▸ DIRECTIONS:
Please, could you print all the lines below exactly, leaving out the pictures?

▸ COLLECTED MATERIAL:
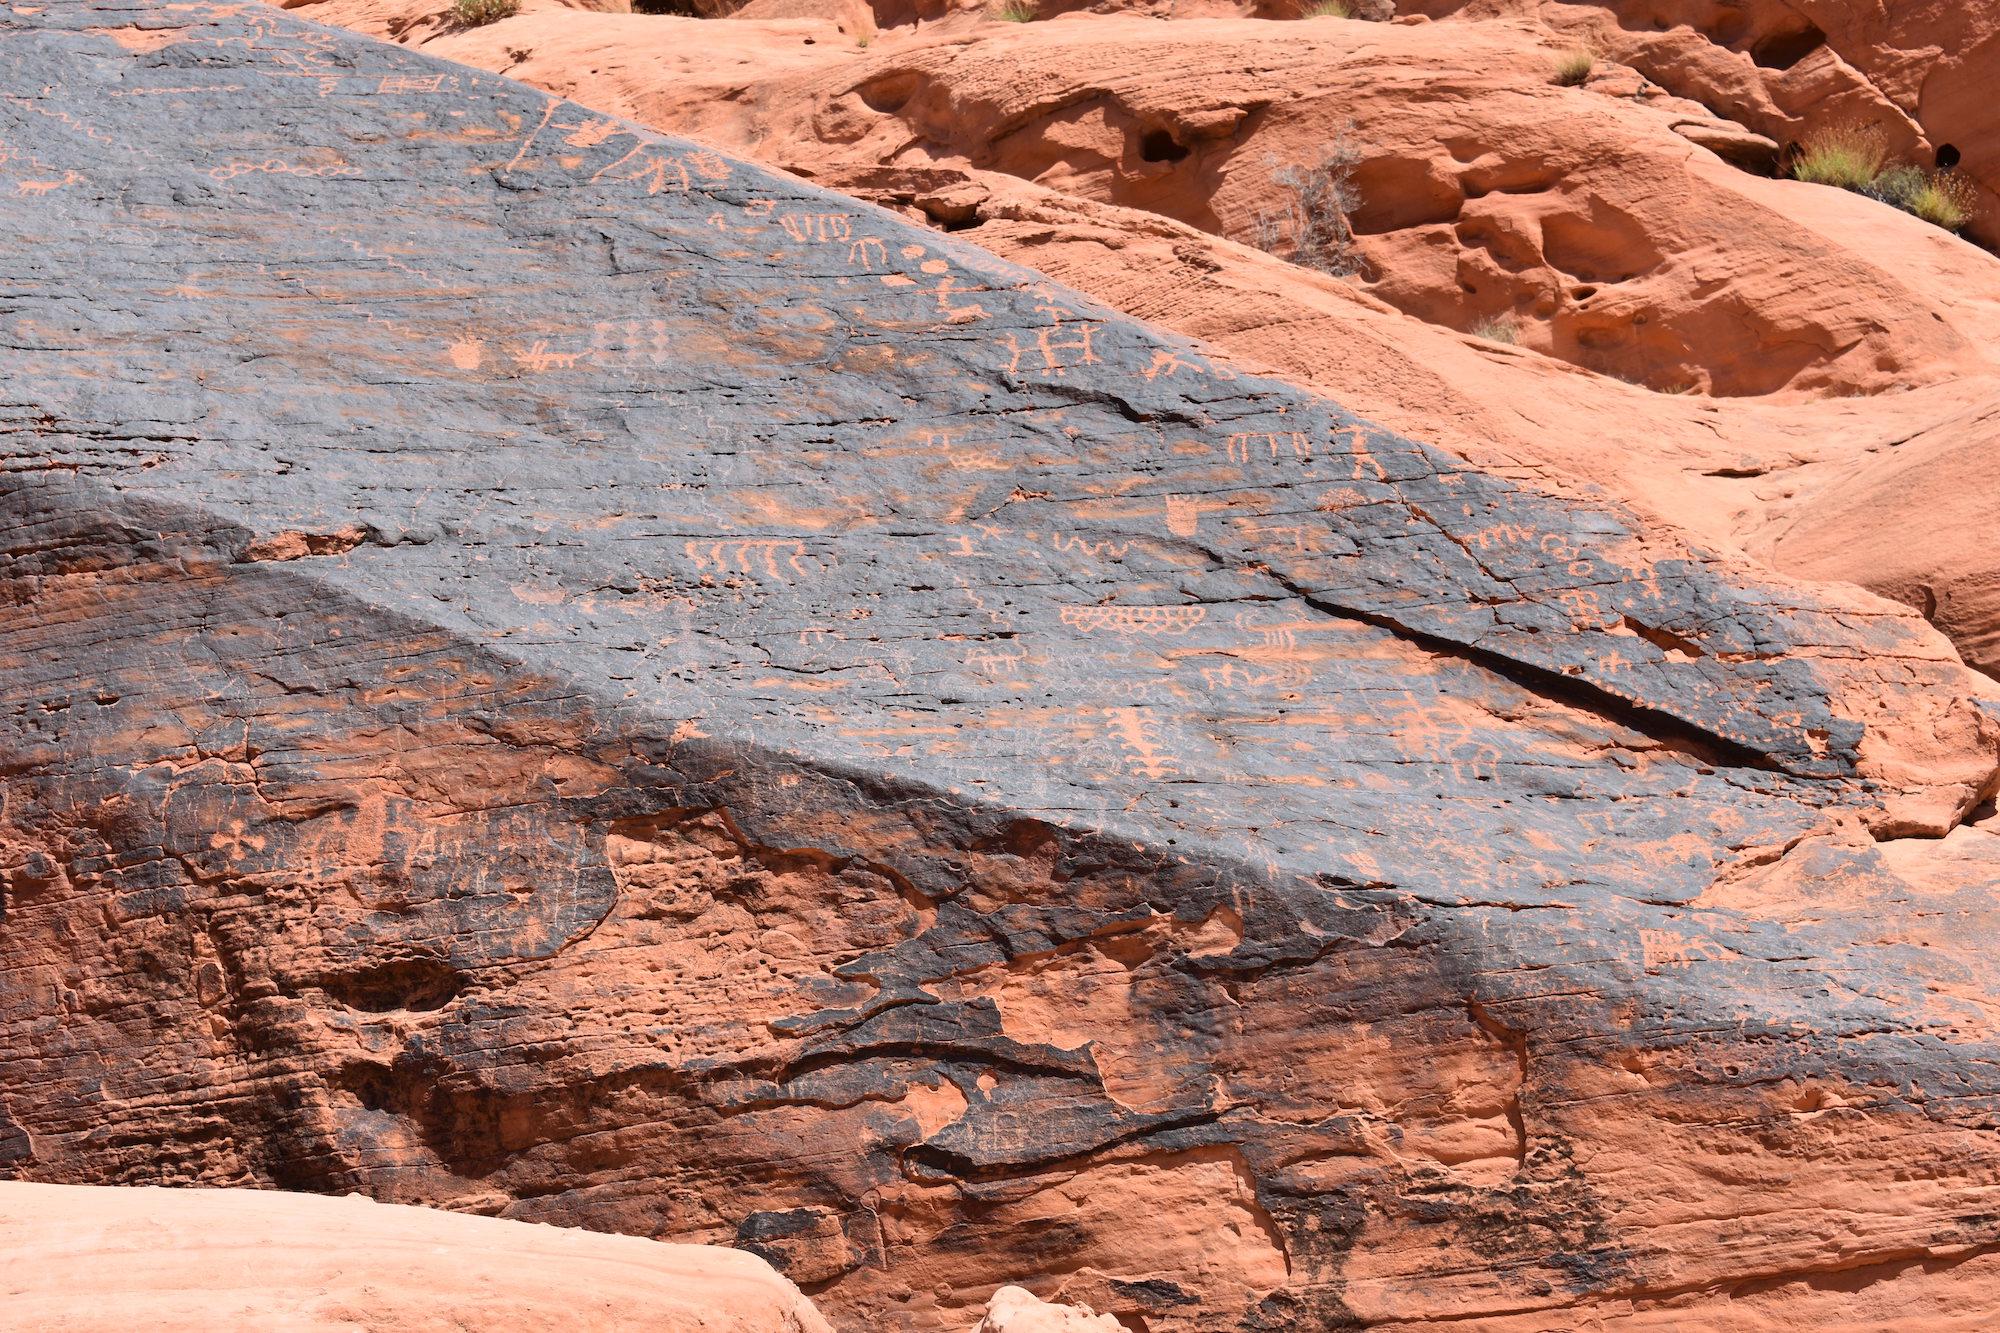 Petroglyphs on rock
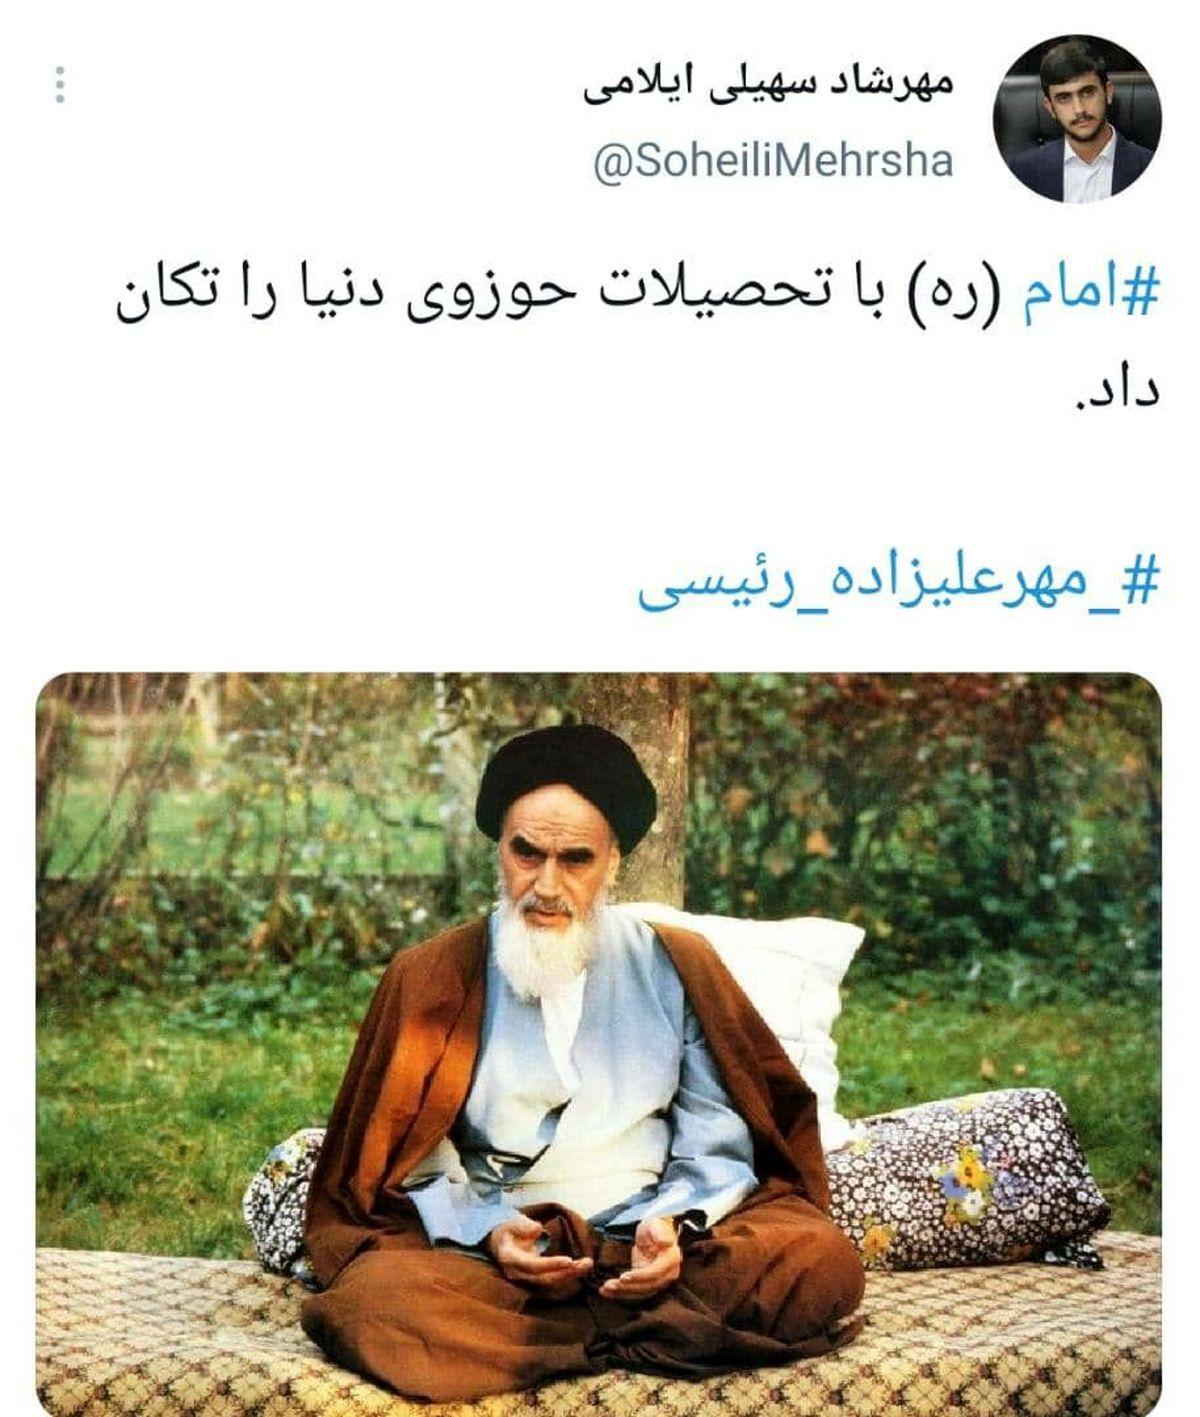 امام خمینی (ره) با تحصیلات حوزوی دنیا را تکان داد
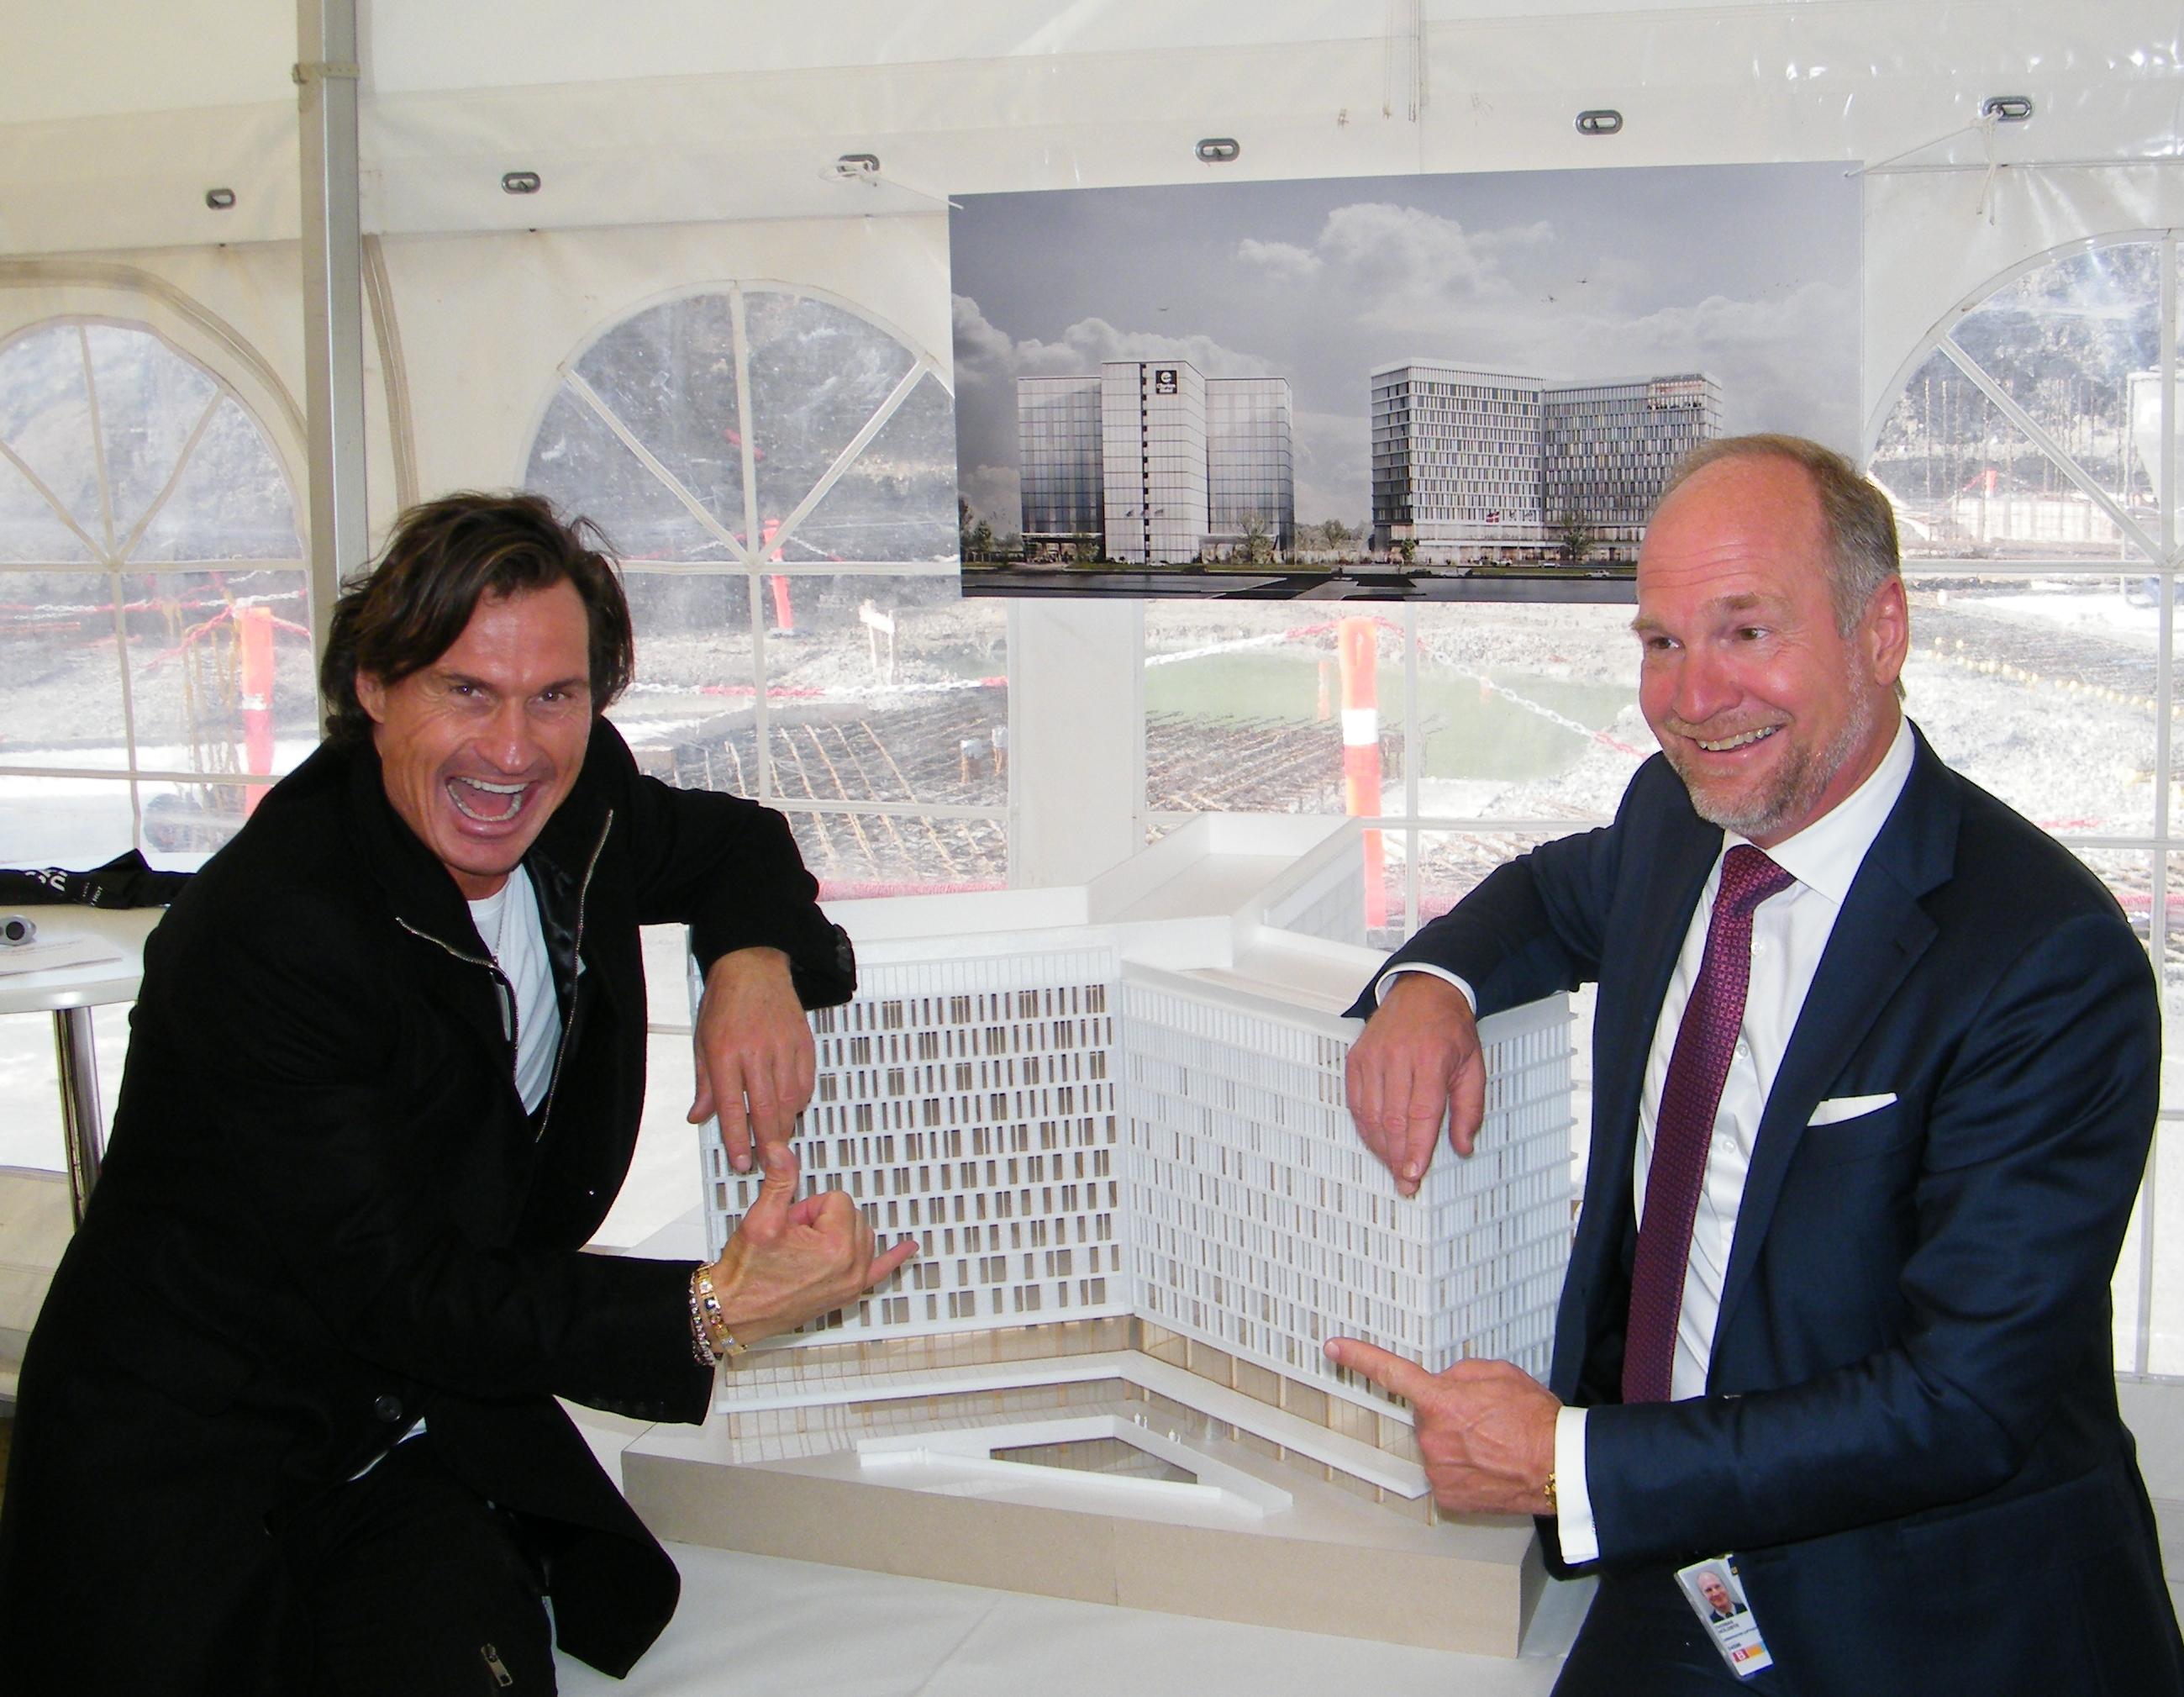 Ejer og koncernchef for Nordic Choice Hotels, der skal drive Comfort-hotellet i Københavns Lufthavn, Petter A. Stordalen, til venstre, med lufthavnens administrerende direktør, Thomas Woldbye, ved en model af det kommende storhotel. Foto: Henrik Baumgarten.

▸ SOLUTION TO THE EXERCISE:
 Petroglyphs on rock
 امام خمینی (ره) با تحصیلات حوزوی دنیا را تکان داد
 Ejer og koncernchef for Nordic Choice Hotels, der skal drive Comfort-hotellet i Københavns Lufthavn, Petter A. Stordalen, til venstre, med lufthavnens administrerende direktør, Thomas Woldbye, ved en model af det kommende storhotel. Foto: Henrik Baumgarten.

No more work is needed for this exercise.